Scrivere libri gialli deve essere un’attività molto divertente se in così tanti si misurano, spesso felicemente, con questo genere letterario. D’altro canto leggere libri gialli può essere un vero spasso. Accade così che La ruggine del tempo, ultima fatica narrativa di Dario Galimberti, si possa presentare come una proposta adeguata e interessante di lettura estiva. Presto o tardi, dopo le doverose vaccinazioni, in montagna, al mare o dove ci pare, potremmo godere di un periodo di riposo e relax. Ecco allora che sarà consigliabile avere tra le mani questo libro di una voluminosità che gli conferisce autorevolezza e che rappresenta la proposta più sicura e tradizionale di trama gialla che possiamo trovare. Senza addentrarci in paragoni inopportuni, ci sembrerà di leggere Agatha Christie oppure, nei suoi passi migliori, addirittura Arthur Conan Doyle, due degli antesignani del giallo tradizionale che, tra le altre sue nobili caratteristiche, interrogava continuamente il lettore su chi potesse essere il colpevole. Erano libri in cui i falsi indizi venivano disseminati nel testo a regola d’arte, dove le figure retoriche erano spese senza badare a nessun tipo di risparmio.
L’autore, Dario Galimberti è affermato architetto e vive in Svizzera, a Lugano. È professore in progettazione architettonica e ambienta la storia “a casa sua”. La cosa da tener presente è che porta questa vicenda indietro di un secolo e più, forse per liberarsi dei vari vincoli e ricatti che la contemporaneità avrebbe potuto imporgli. Ma Lugano è Lugano. Lo è adesso che vanta uno dei PIL più alti d’Europa, dove la ricchezza egoistica e autoreferenziale sembra essere la cifra della vita dei cittadini. Dove non esistono praticamente problemi di attività malavitose (almeno visibili) e dove l’unico pensiero delle persone è come spendere i propri denari. Anche la Lugano di un secolo fa era una cittadina tranquilla. Certamente non paragonabile all’oggi, ma una cittadina lontana dal turbinio di una vita che, in Italia, aveva portato la piaga del fascismo.

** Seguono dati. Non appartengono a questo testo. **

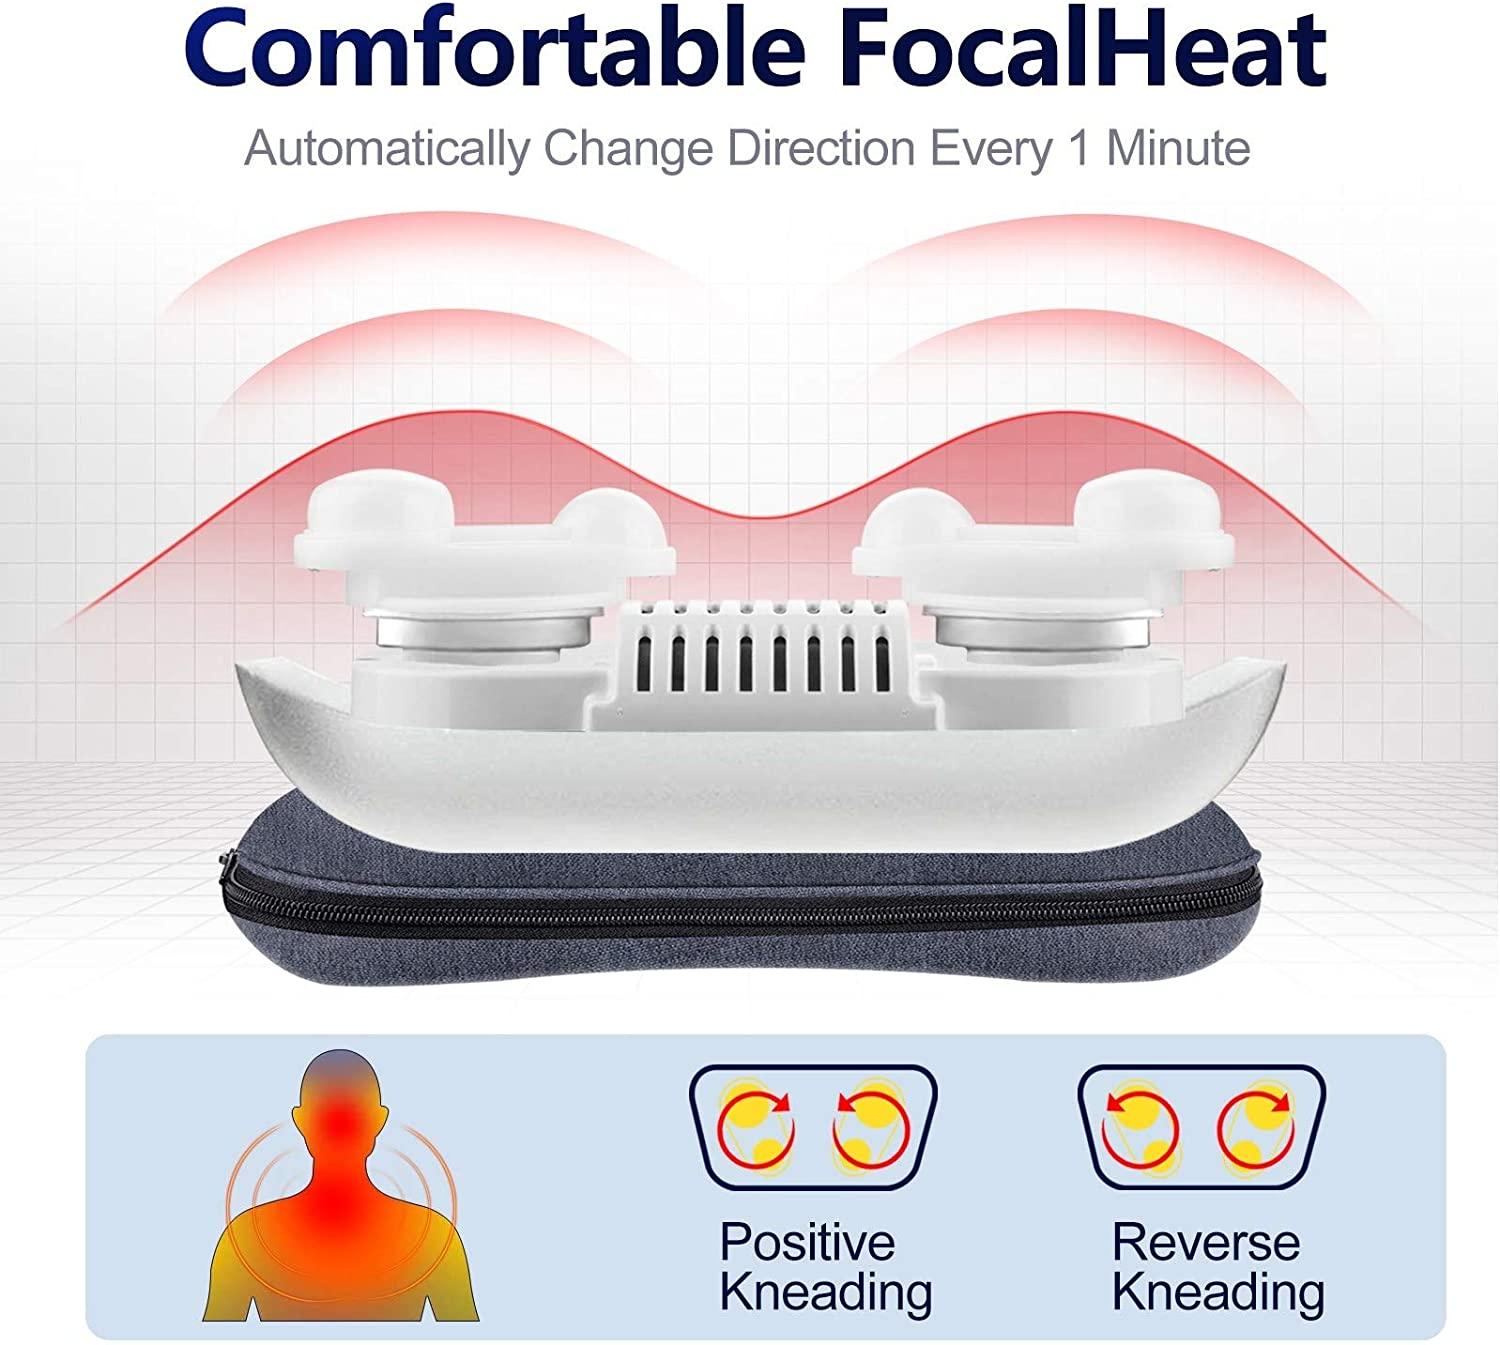 MoCuishle Neck and Back shiatsu massager pillow with heat, new in box.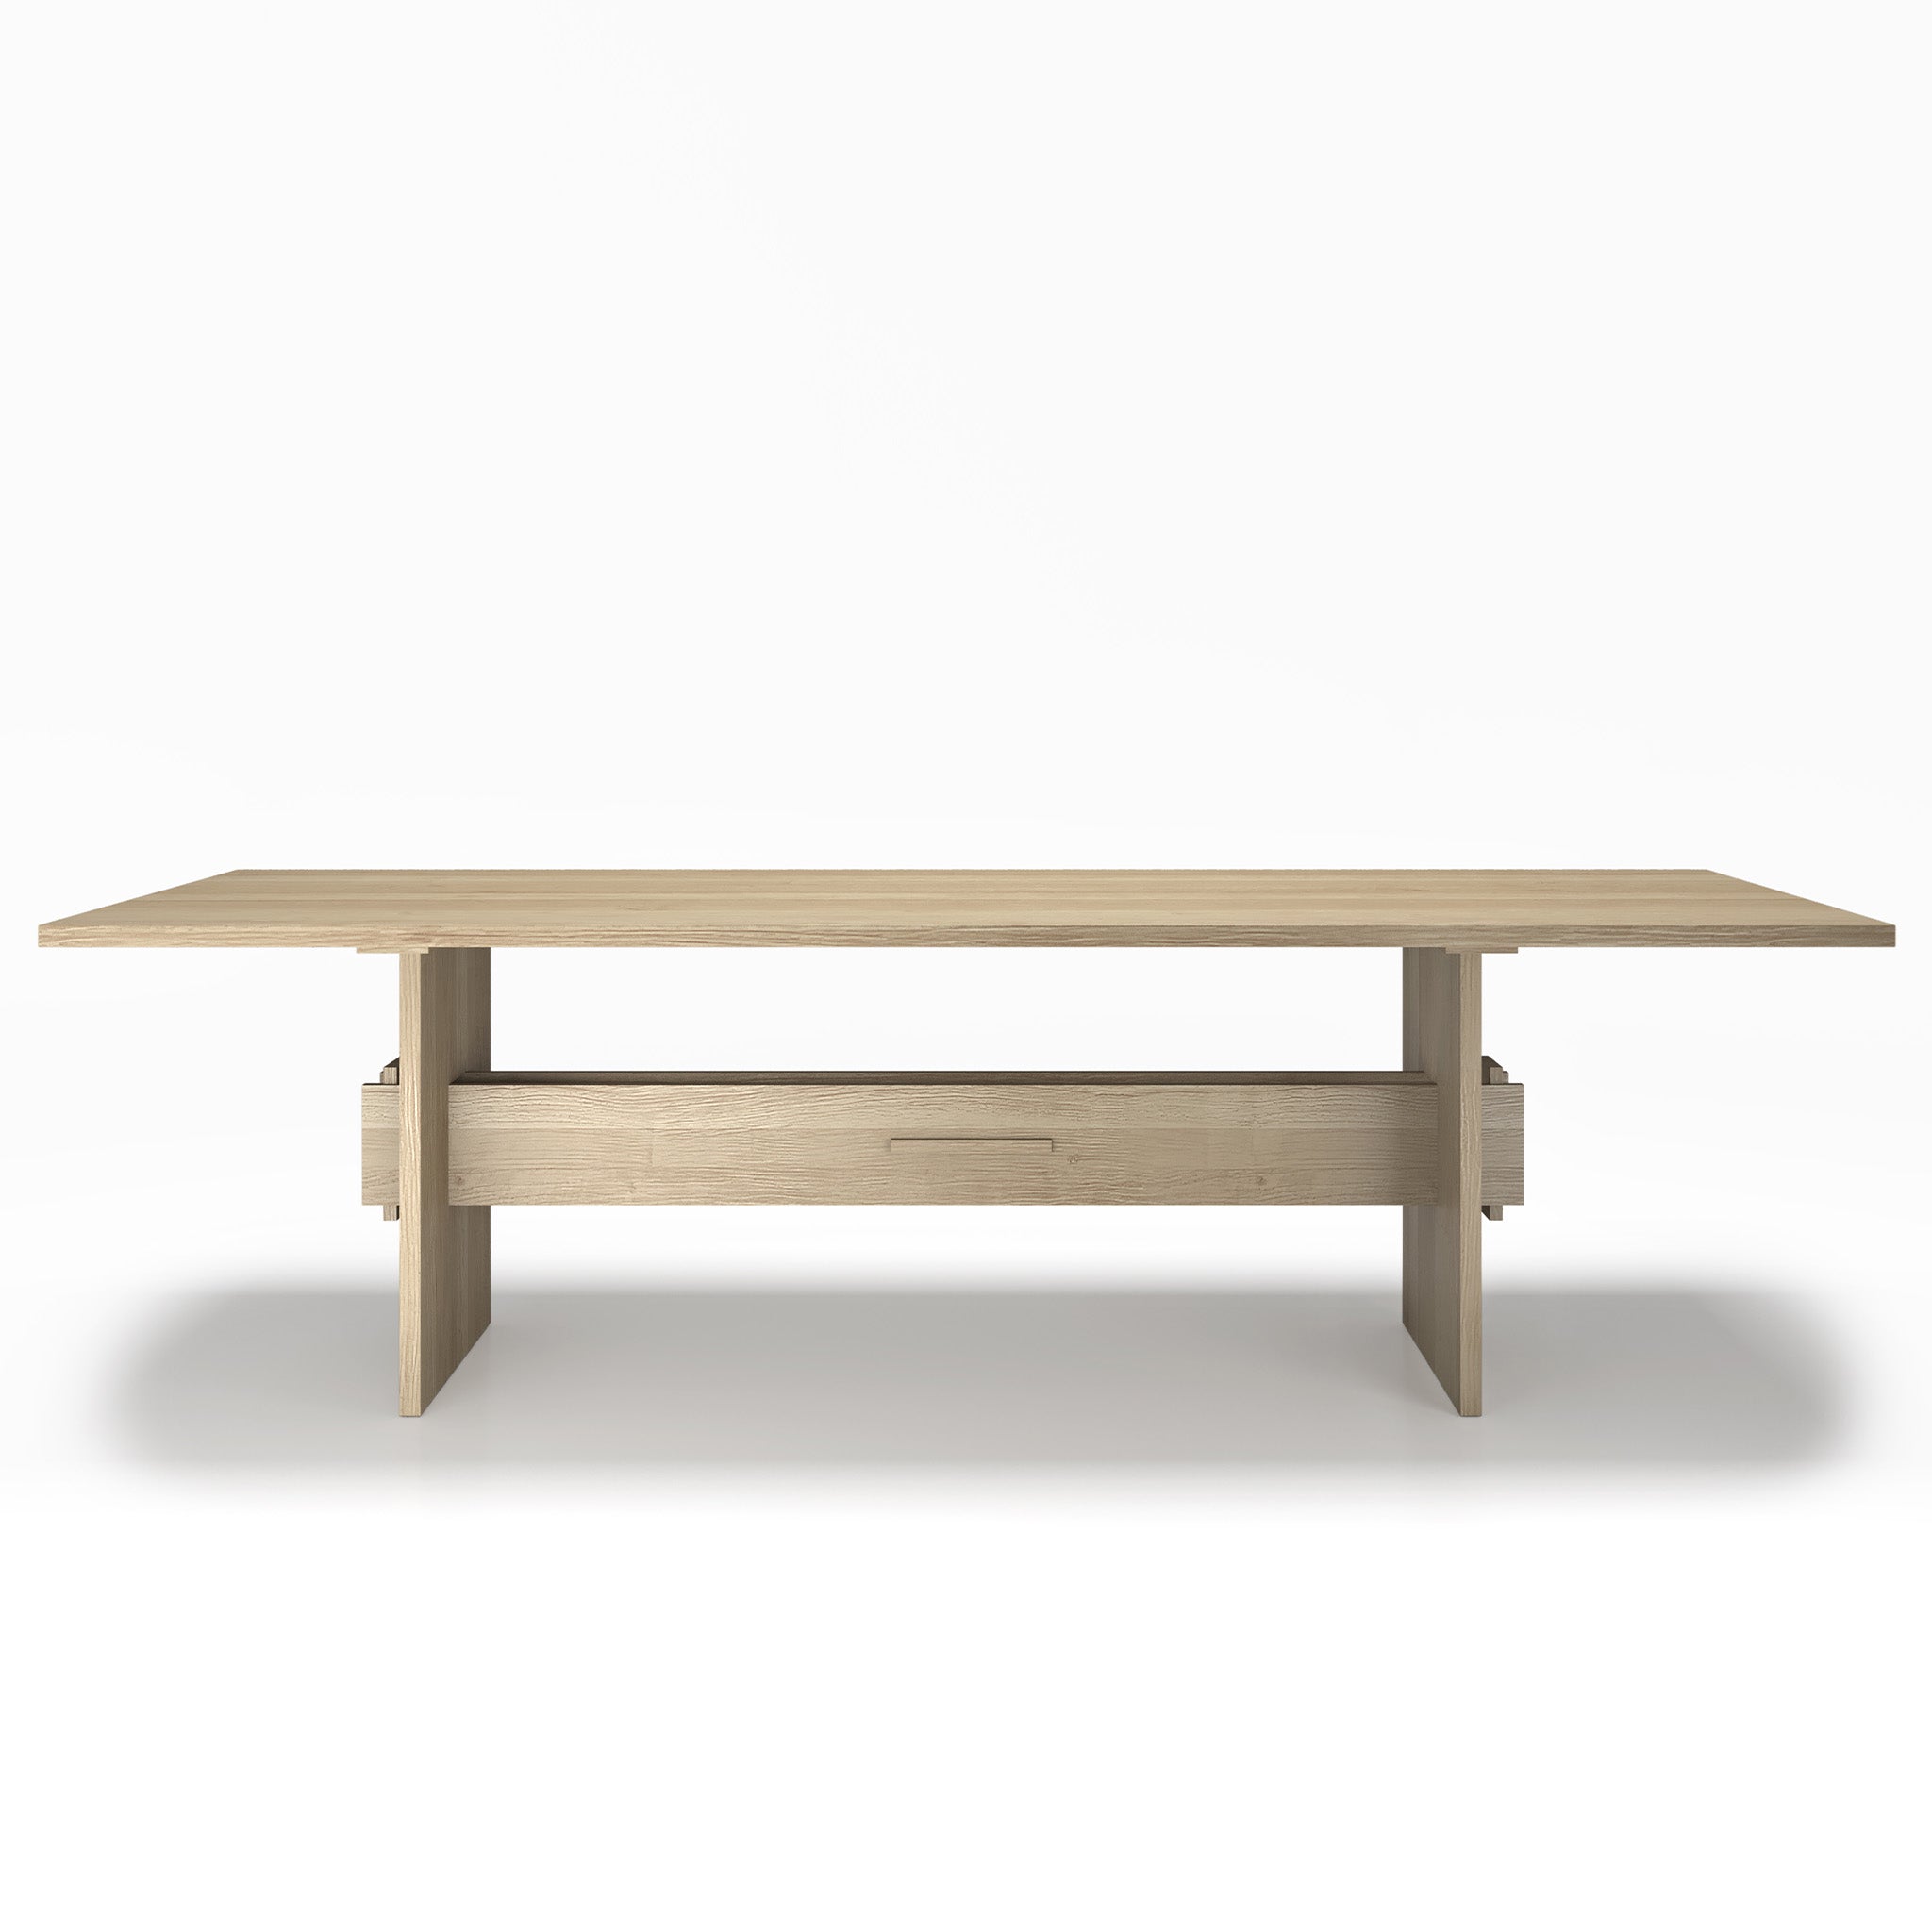 Jeppe Utzon Table #2 by Jeppe Utzon for Dk3

Quello che hanno in comune le due città di Lugano, di ieri e di oggi, è una certa tipologia di cittadini, avidi e privi di scrupoli che non esitano a macchiarsi dei peggiori crimini pur di possedere una ricchezza, meglio se non propria. D’altra parte questi tratti predatori non sono propri solo di quei luoghi ma riguardano molti cittadini italiani, ovunque essi siano: una minoranza che possiede gran parte delle ricchezze del nostro Paese. A queste considerazioni, nella lettura del libro, ci si arriva per una via poco impervia, molto addolcita dal narratore che ci accompagna a conoscere persone e angoli ameni della cittadina.
Ci troviamo intorno ai festeggiamenti dell’ultimo dell’anno: una delle signore belle e eleganti, gonfia di vodka, con la stupenda auto rossa fiammante finisce i suoi giorni nel letto del fiume. Omicidio? Suicidio? Con un po’ di pazienza sapremo. In questo quadro entra in campo il commissario Ezechiele Beretta, anonimo signore sessantenne, che riesce pazientemente a tessere e ricucire i fili che legano le situazioni del presente con i fatti avvenuti nel 1881.
Emerge allora un retroscena di circa cinquant’anni prima, quando una banda di ladri penetra nel castello di Trevano, dove vivono il barone e la figlia Vera von Derweis. A partire da questo fatto, increscioso e apparentemente poco rilevante, si succedono una serie di morti: Vera cade da cavallo e muore all’istante. La stessa fine fa suo padre, anche se in circostanze diverse. Quasi negli stessi giorni, un inserviente del castello, Nuto, viene trovato impiccato a una trave in una delle stanze di servizio. Cosa mai ci potrà aiutare a diradare i sospetti che questa opaca situazione ci consegna? Sarà un oggetto prezioso che si rivelerà essere indizio e prova che Ezechiele Beretta riceve dalla morente signora Iside di cui è figlioccio: si tratta di un cucchiaino d’argento, molto pregiato.
Tra diffidenza e curiosità parte un’indagine che spesso studia i comportamenti sociali e individuali degli abitanti di Lugano. Nel quartiere povero di Sassella (è appena trascorsa la crisi del ’29), dove la coesione sociale svolge un ruolo attivo e rassicurante fino all’antropologia del potere tra avvocati, banchieri, albergatori etc. Finalmente, attraverso un’indagine assai tradizionale, tutto si risolverà e il lettore si rasserenerà nel capire che su Lugano tornerà a distenersi un velo di tranquillità e benessere.